◆ **Exercise directions**
Reproduce every line of the listing as written, apart from the pictures.

◆ **Material provided**
====================

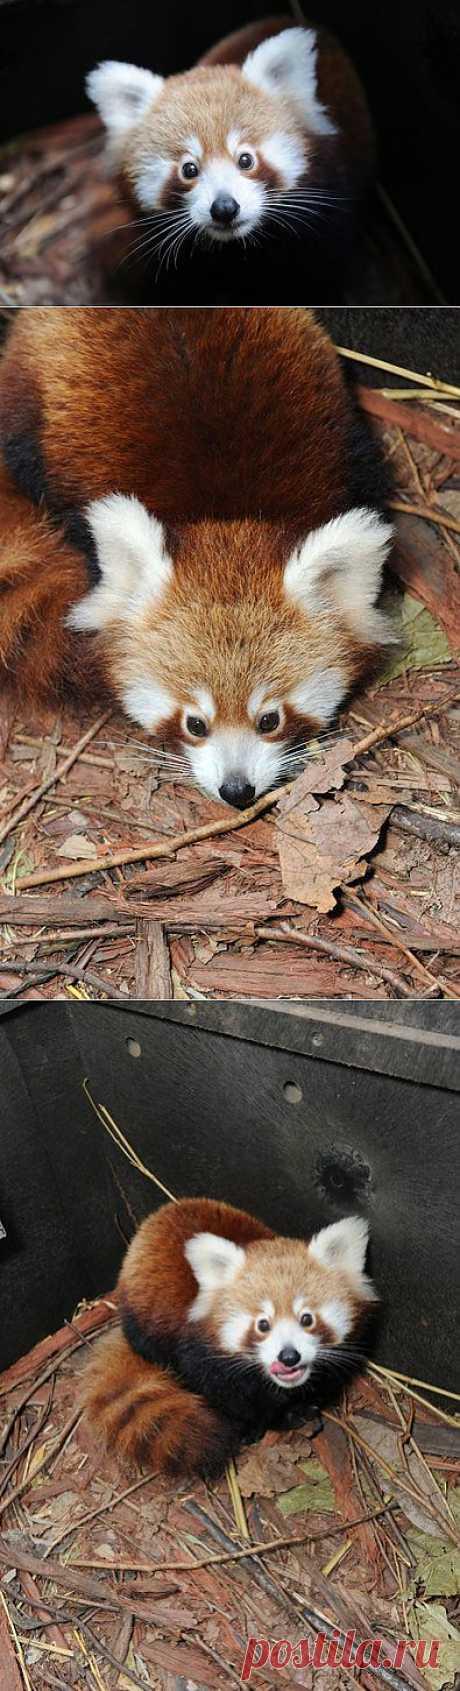 Firefox 45 | Fresher - Лучшее из Рунета за день
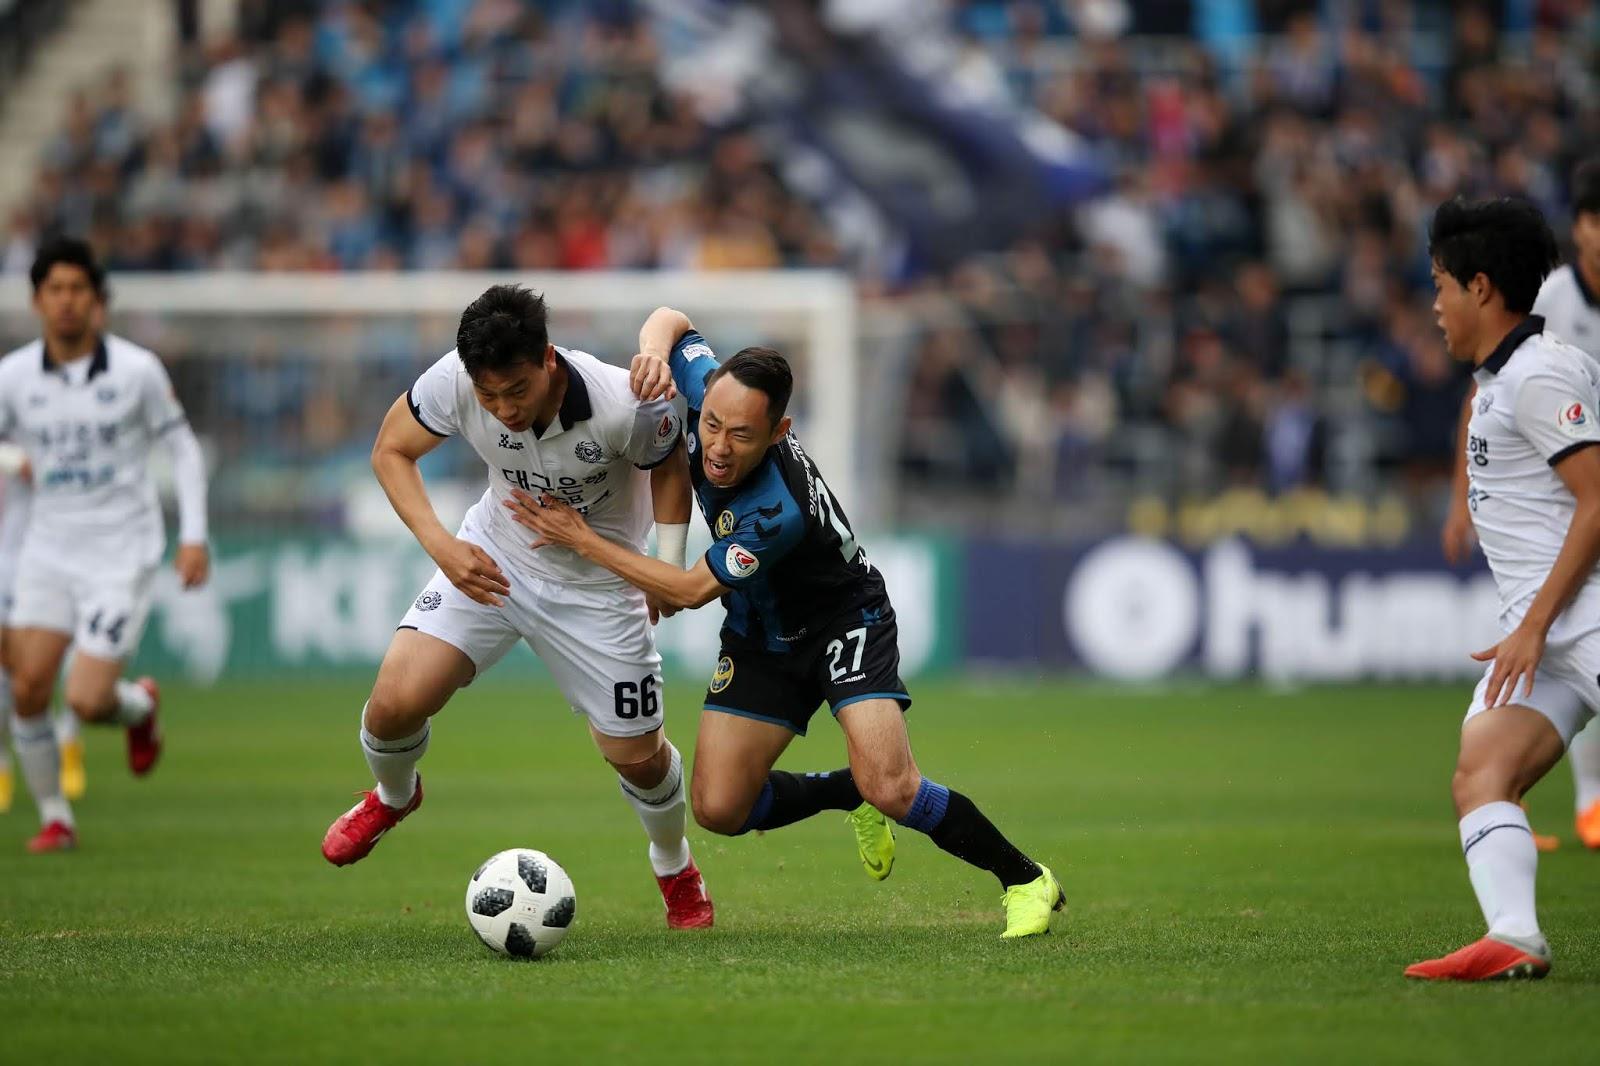 Interview: Daegu FC Defender Park Byung-hyun
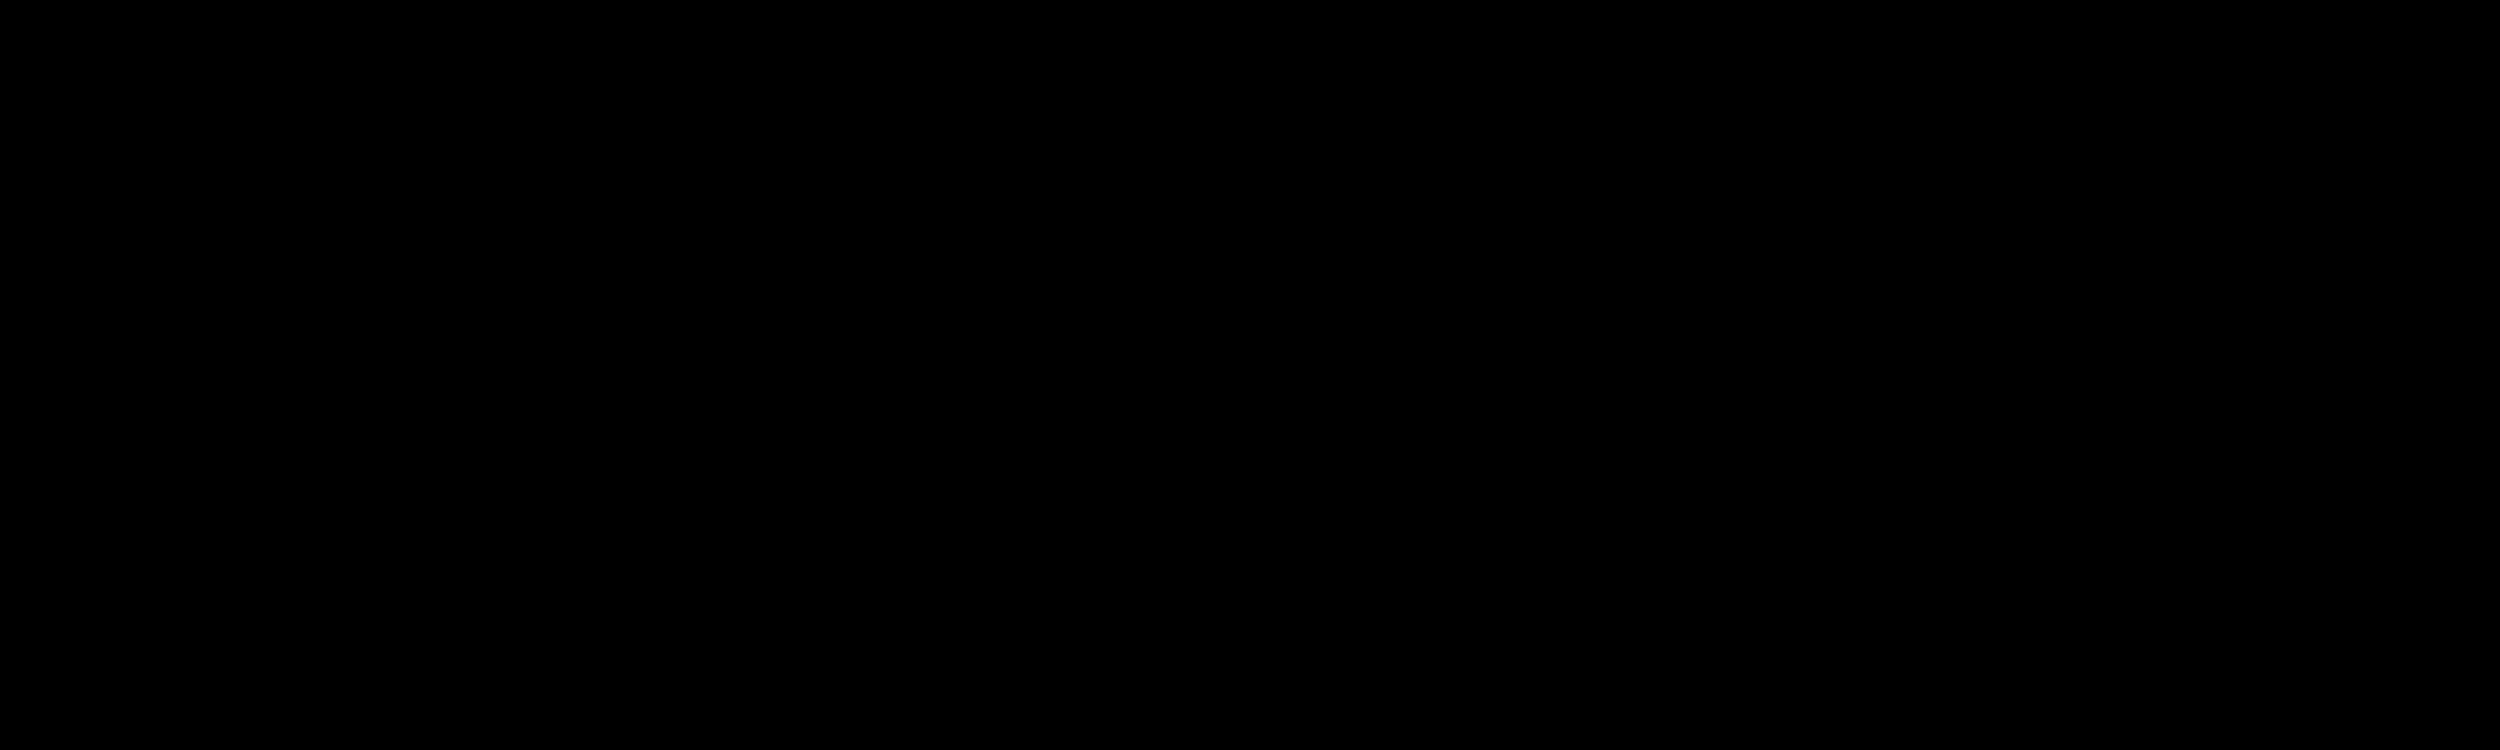 long logo-01.png

====================

◆ **Response below**
 Firefox 45 | Fresher - Лучшее из Рунета за день
 Interview: Daegu FC Defender Park Byung-hyun
 long logo-01.png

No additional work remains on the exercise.